Debemos hacer hasta lo imposible para terminar esta confrontación política y social de décadas alimentada por la exclusión y la injusticia. Como decía el comandante Jacobo Arenas, el destino de Colombia no puede ser el de la guerra. Pedimos a las oligarquías, a las élites, que desde 1830 capturaron el Estado para su propio beneficio, que escuchen sin prejuicios la voluntad nacional, la voz del pueblo, que en el verbo apasionado del inmolado Jorge Eliécer Gaitán sigue clamando, que “haya paz y piedad para la Patria”.
Paz con cambios en las injustas estructuras políticas, económicas y sociales, es el clamor de las mayorías. No es justo, no es justo, despreciar las voces multitudinarias que anhelan una Colombia nueva, que piden, desde abajo, se establezca por primera vez la democracia verdadera y la participación de la gente en la construcción de su destino.
Que los cambios sean ciertos y no cosméticos, porque de nada sirven los cambios para que todo siga igual.
Ha llegado la hora de las reformas institucionales que establezcan las bases más sólidas para la edificación de la paz que anhelamos. Nuestra aciaga realidad exige poner fin a la Doctrina de la Seguridad Nacional, la concepción del enemigo interno y a la guerra sucia y sanguinaria del paramilitarismo.
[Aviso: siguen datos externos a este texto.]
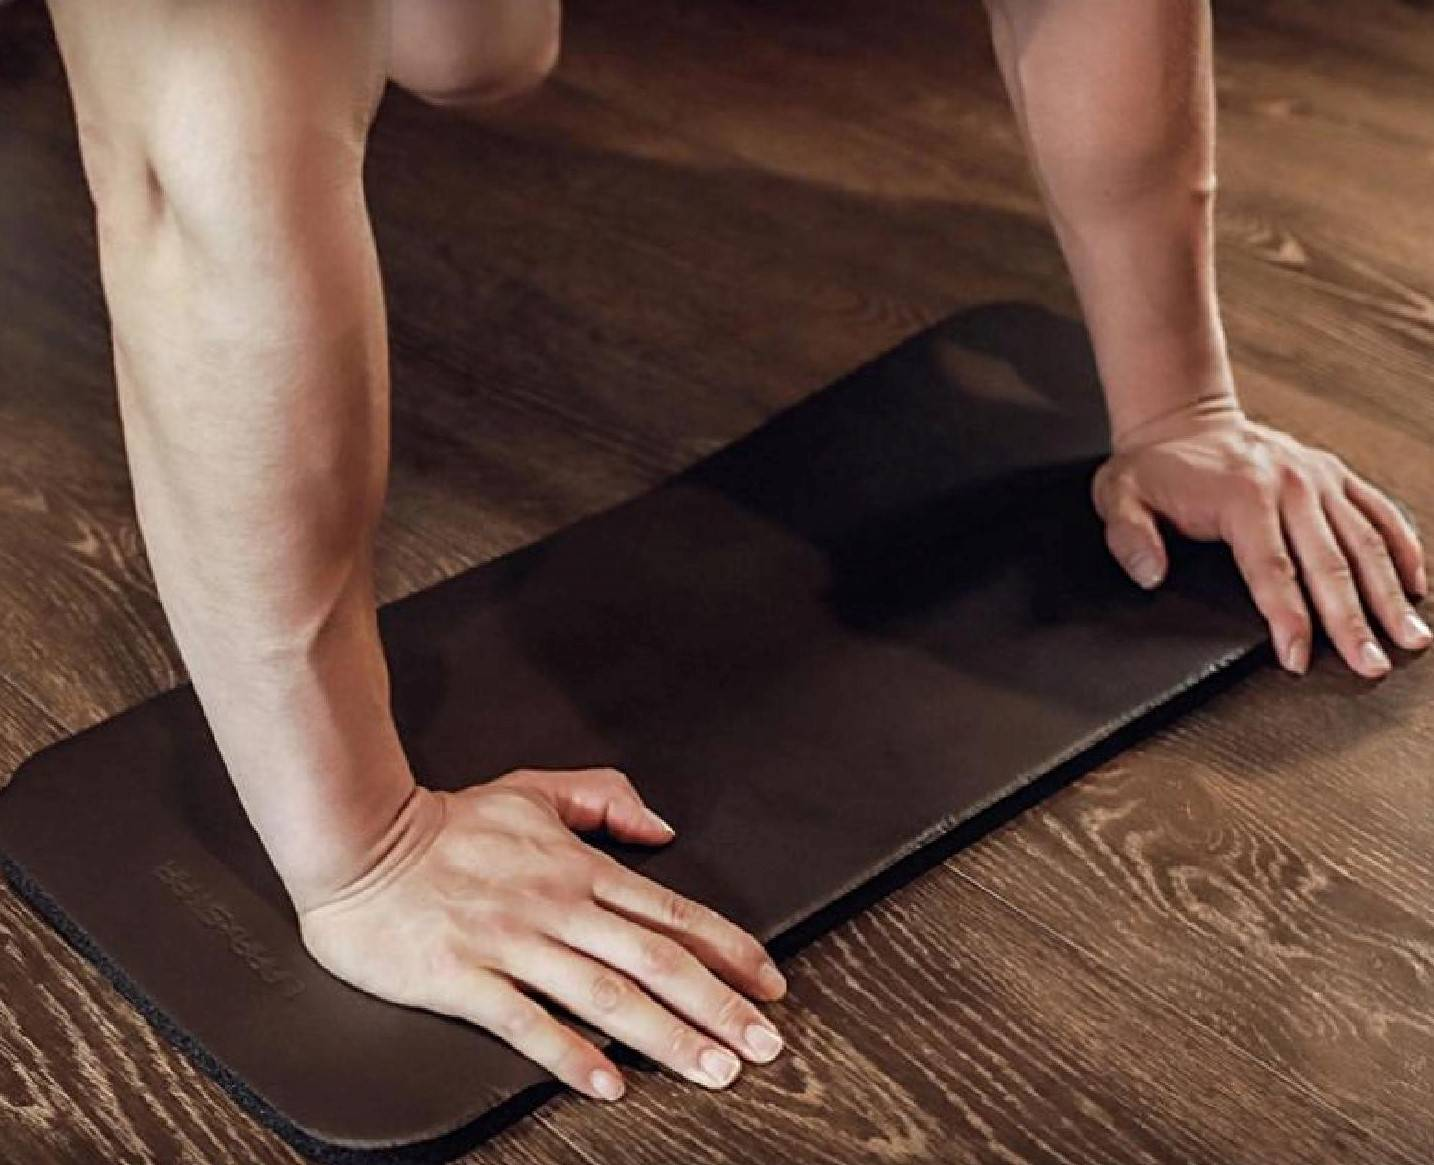 icrease flexibility, Gym pilates Yoga, Pull Rods

El clamor nacional demanda el establecimiento de una Magna Asamblea; de un nuevo orden electoral que devuelva la confianza nacional en esa institución; una reforma a la justicia, para que liberada esta, del lastre de la politiquería, del fraude y la corrupción, preste sus servicios no a interés particulares y privados, sino a la sociedad en su conjunto; una nueva política económica que redima y rescate al ser humano; unas Fuerzas armadas, que, siguiendo la doctrina del Libertador, sin volver los fusiles contra el pueblo, defienda las fronteras patrias y las garantías sociales. Un país para todos, que despierte el orgullo de pertenecer a una nación soberana, verdaderamente democrática, y justa.
Asumir un verdadero compromiso con la paz no es un asunto de simples promesas o demagogia. Un verdadero compromiso con la paz consiste en impulsarla con actitudes y hechos ciertos de cambios profundos que permitan la reconciliación, sin actuar como perdonavidas, que es lo que en el presente ocurre, mientras cuando se habla de avances en un proceso de diálogo, se incumple en los compromisos concretos con el pueblo, y se insinúan vanas e innecesarias amenazas hacia la contraparte.